Bei den durchschnittlichen und schlechteren gehen sie bis 15, und gehen auch mal bis 20
Prozent hin.“
Karl Schweisfurth würde die Totgeburten nicht in die Mortalitätsrate einrechnen. Doch selbst
dann landet man in den sechs Monaten bei knapp 30 Prozent.

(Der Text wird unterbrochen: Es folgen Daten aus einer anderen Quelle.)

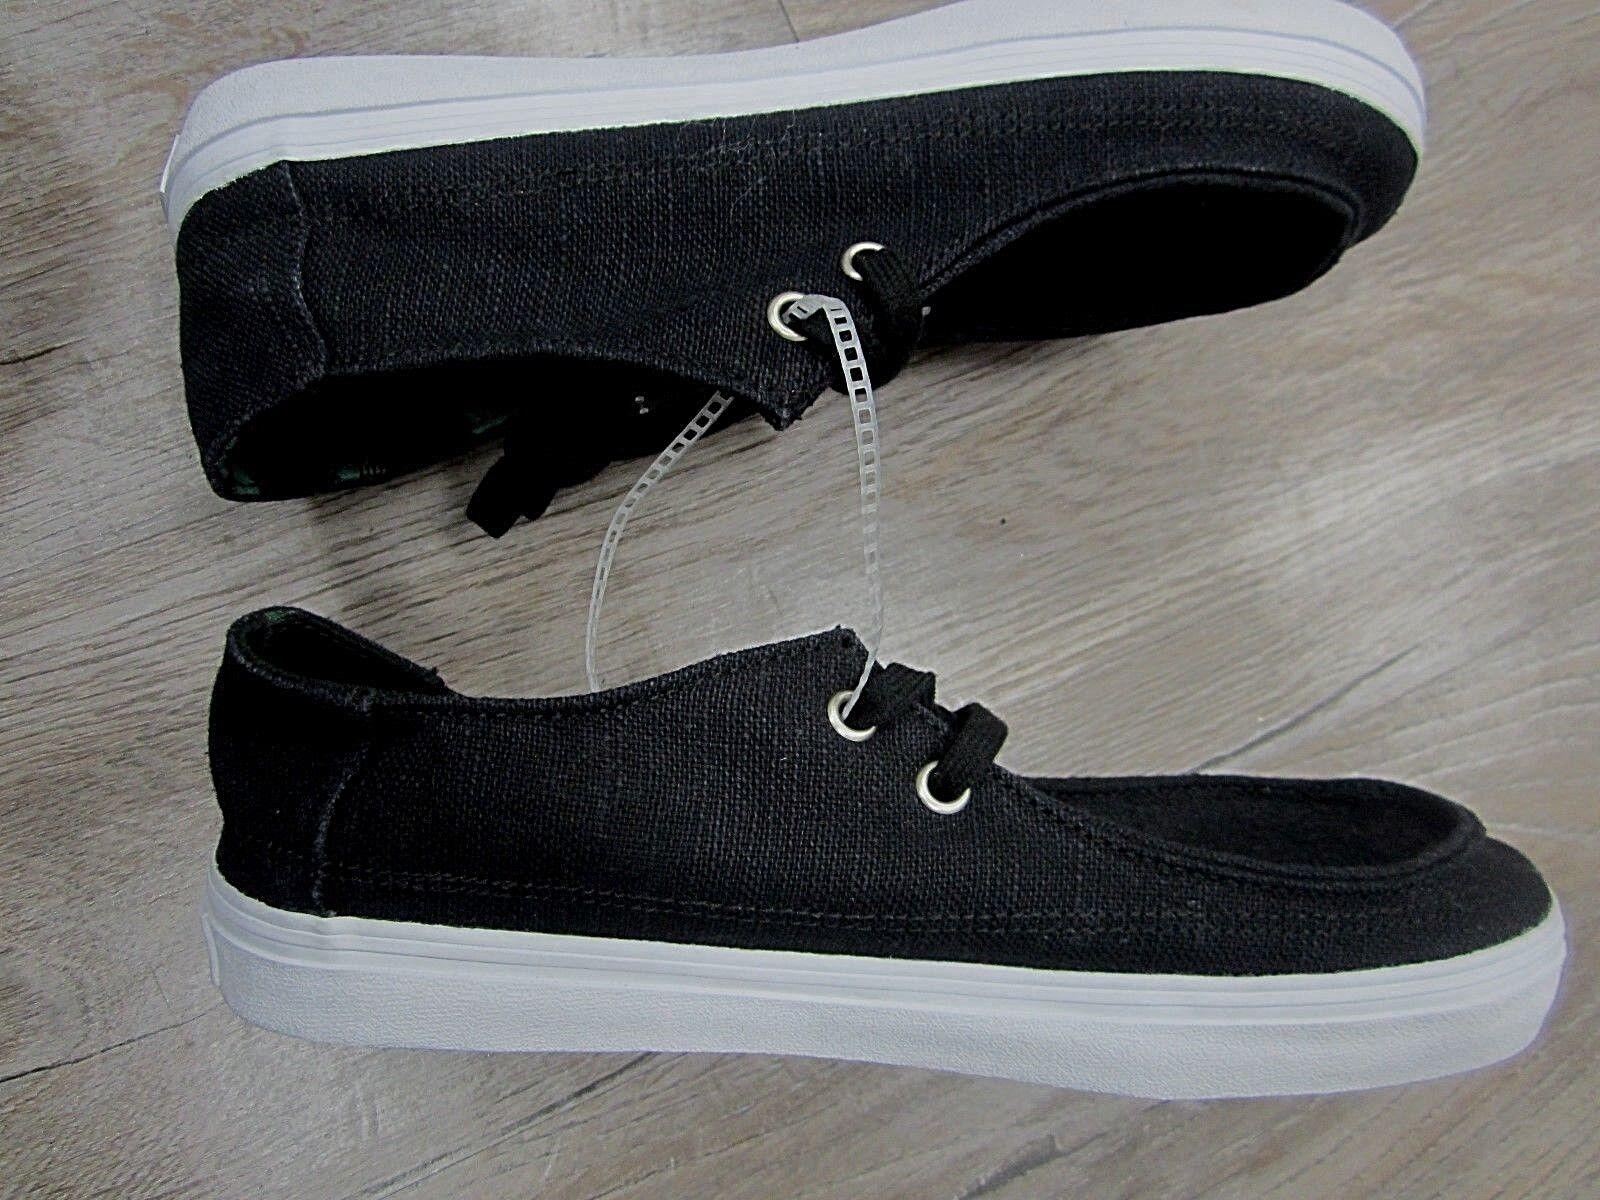 NEW Vans  Ultra Low Totem Black with Ultra  Cush Men's Size 6.5 1554c1

Karl Schweisfurth, Hermannsdorfer Landwerkstätten
„Das waren ganz, ganz große Würfe. Fürchterlich, wollen wir gar nicht. 14, 15, 18. Aber wir
waren hilflos und wussten nicht, was wir tun sollen. Wir haben aber nicht jetzt den
Antibiotika-Einsatz extrem erhöht, sieht man ja, er ist ein bisschen höher als 2014, aber
nicht wesentlich. Wir haben versucht durch verschiedene Maßnahmen,
Blutuntersuchungen, Untersuchungen im Futter, diese Situation in den Griff zu kriegen,
damit es besser wird. Ist nicht üblich, eine Ausnahme. Wirklich ein Ausnahmejahr. Das hat
es so bisher nie gab.“
Die endgültige Erklärung für die hohe Mortalität hat Karl Schweisfurth nicht gefunden. Mit
dem Mythos vom gesünderen Biotier passt auch das nicht zusammen. Inzwischen sei man
wieder auf dem Weg der Besserung. Und in diesem Jahr sollen die Kastenstände in
Hermannsdorf durch einen Umbau abgeschafft werden.